The overall framework of our recommendation system is illustrated in Figure 1. The system is comprised of one network.
![%E7%B3%BB%E7%BB%9F%E5%B7%A5%E4%BD%9C%E5%8E%9F%E7%90%86.PNG](attachment:%E7%B3%BB%E7%BB%9F%E5%B7%A5%E4%BD%9C%E5%8E%9F%E7%90%86.PNG)

**Figure 1: Recommendation system architecture**

### 4.1 Phrase Embedding
* To effectively represent all the natural language text, including the search and pick history and feature of hot phrases, we consider to embed the phrase to dipict its latent features. Also, Inspired by the contineous bag of words model, we than would be able to first tokenize each query into unigrams and bigrams and each token is embedded, here we adopt an open sourece embedding matrix.

For each sentence $s_i$, we would tokenize it  and obtain $list_{i}$

$$List_i = ['word1','word2',\cdots,'wordm']$$

Then we simply remove stop words in the list and filter it with TF-IDF method, fetch top $n$ important words.

$$Effective\ List_i = ['word1','word2',\cdots,'wordn']$$

Now we do the embedding:

$$\vec{Woh_k} = dict['wordk']$$

where $k\in\{1,2,\cdots,n\}$

$dict$ is the hash table that stores the one-hot encoding representation of all words

$$\vec{e_k} = E \vec{Woh_k}$$

where

$E$ is the open source word embedding matrix

$\vec{Woh_k}$ is the one hot representation of certain unigram or bigram in the dictory

$\vec{e_k}$ is the embedding vector. However, in the real training, we tend to simply pick the index and pick out the corresponding embedding vector.

After all these, we then average all the vectors to obtain the embedding of the phrase:

$$\vec{e_i} = \frac{1}{m}\times\Sigma^n_{k=1}\vec{e_k}$$

* Then after elimiting stopwords, we simply calculate the avereage embedding vector of the bage of words.

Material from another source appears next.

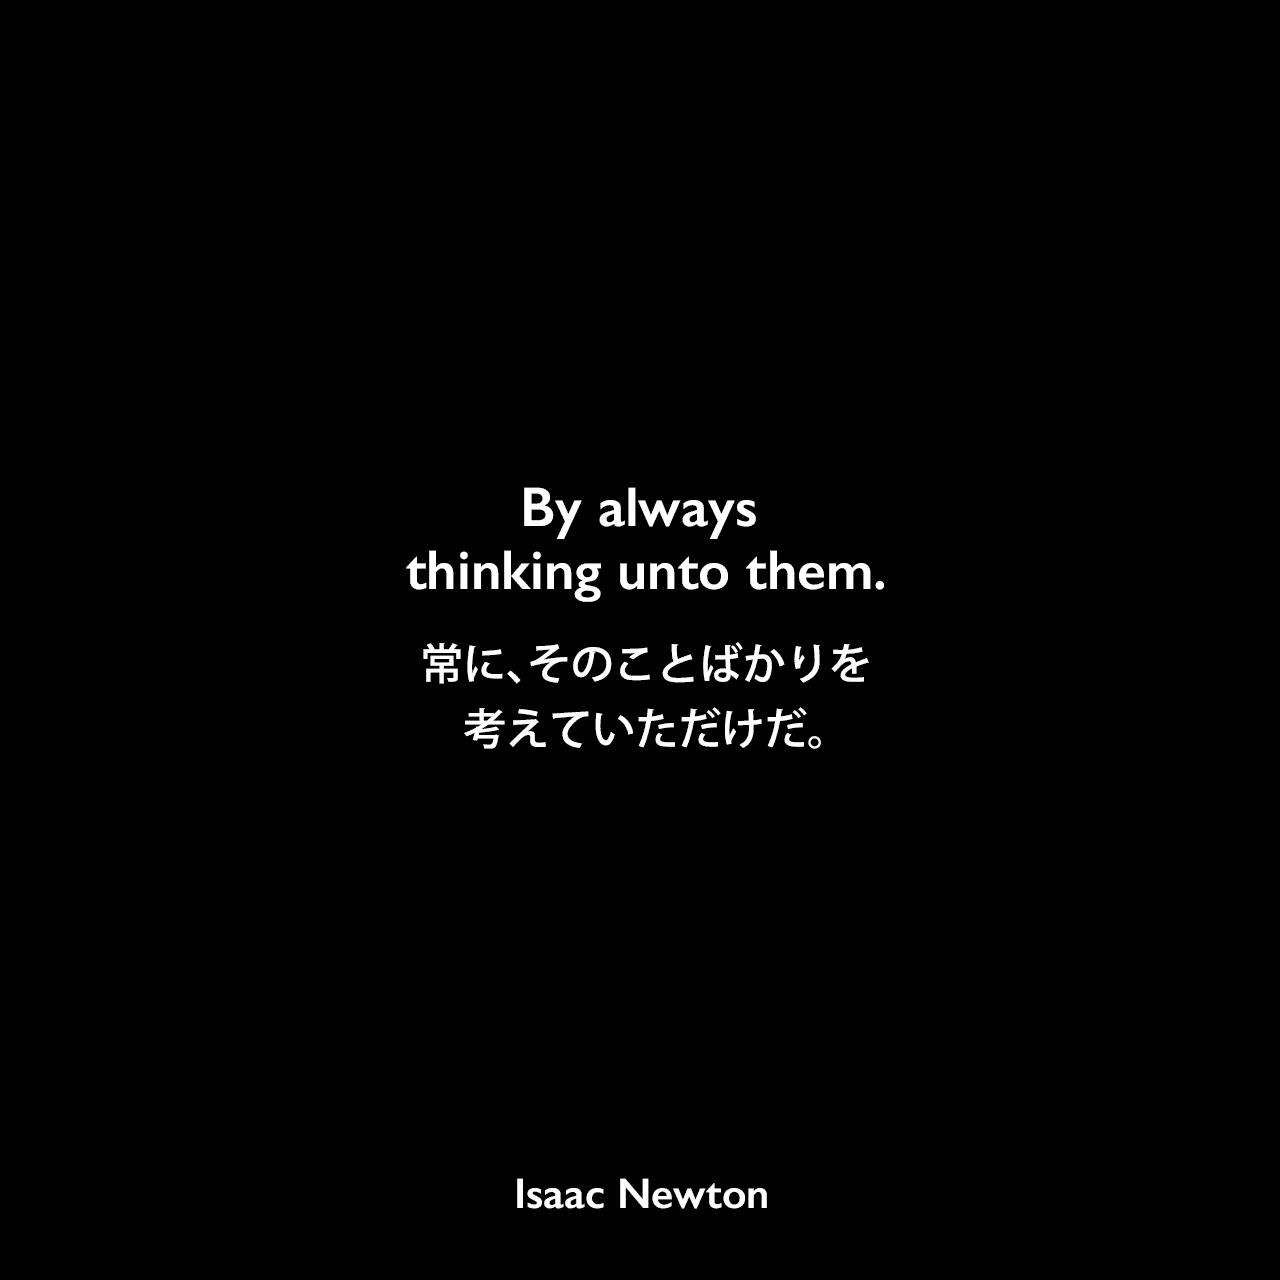 By always thinking unto them.常に、そのことばかりを考えていただけだ。Isaac Newton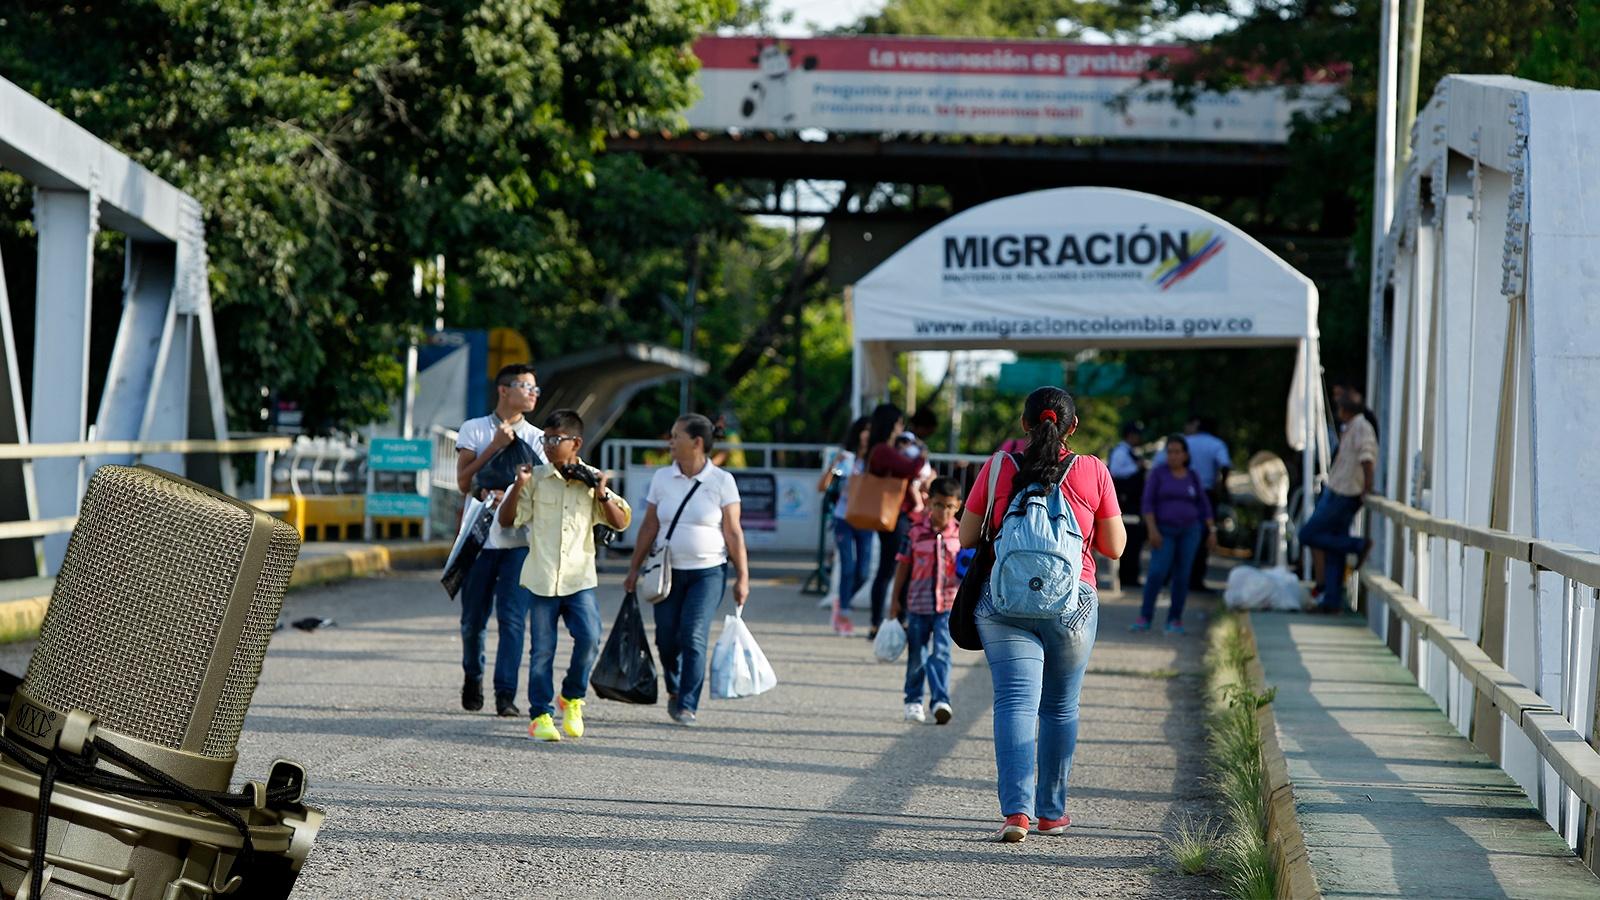 RADIO   Migración e inseguridad, algunas claves para derribar los mitos en Arauca

### 4.2 Recommender as Similarity Calculation
* Traditionally, we would consider the recommeder as a box which select a few words from a large corpus, but here our tesk is to pick out the most effective hot phrases from a small pool (within 50 words) to certain user, then we may consider to find the similarity between a preference vector $\vec{p_u}$, which represents the users' preference and the embedding vector $\vec{e_i}$ as:
$$sim(\vec{p_u},\vec{e_i}) = \parallel \vec{p_u}- \vec{e_i} \parallel^2$$

* At serving time we need to fetch the most closest N classes (hot phrases) in order to choose the top N to present to the user. We will store the embedding vector of hot phrases and user preference in hash table. Then this becomes an nearest neighbour search.

### 4.3 Training Strategy
* To effectively train the model with many times of negative samples but only few positive samples ("imbalance problem"), we deciside to use Siamese Network and Triplet Loss to train out model. 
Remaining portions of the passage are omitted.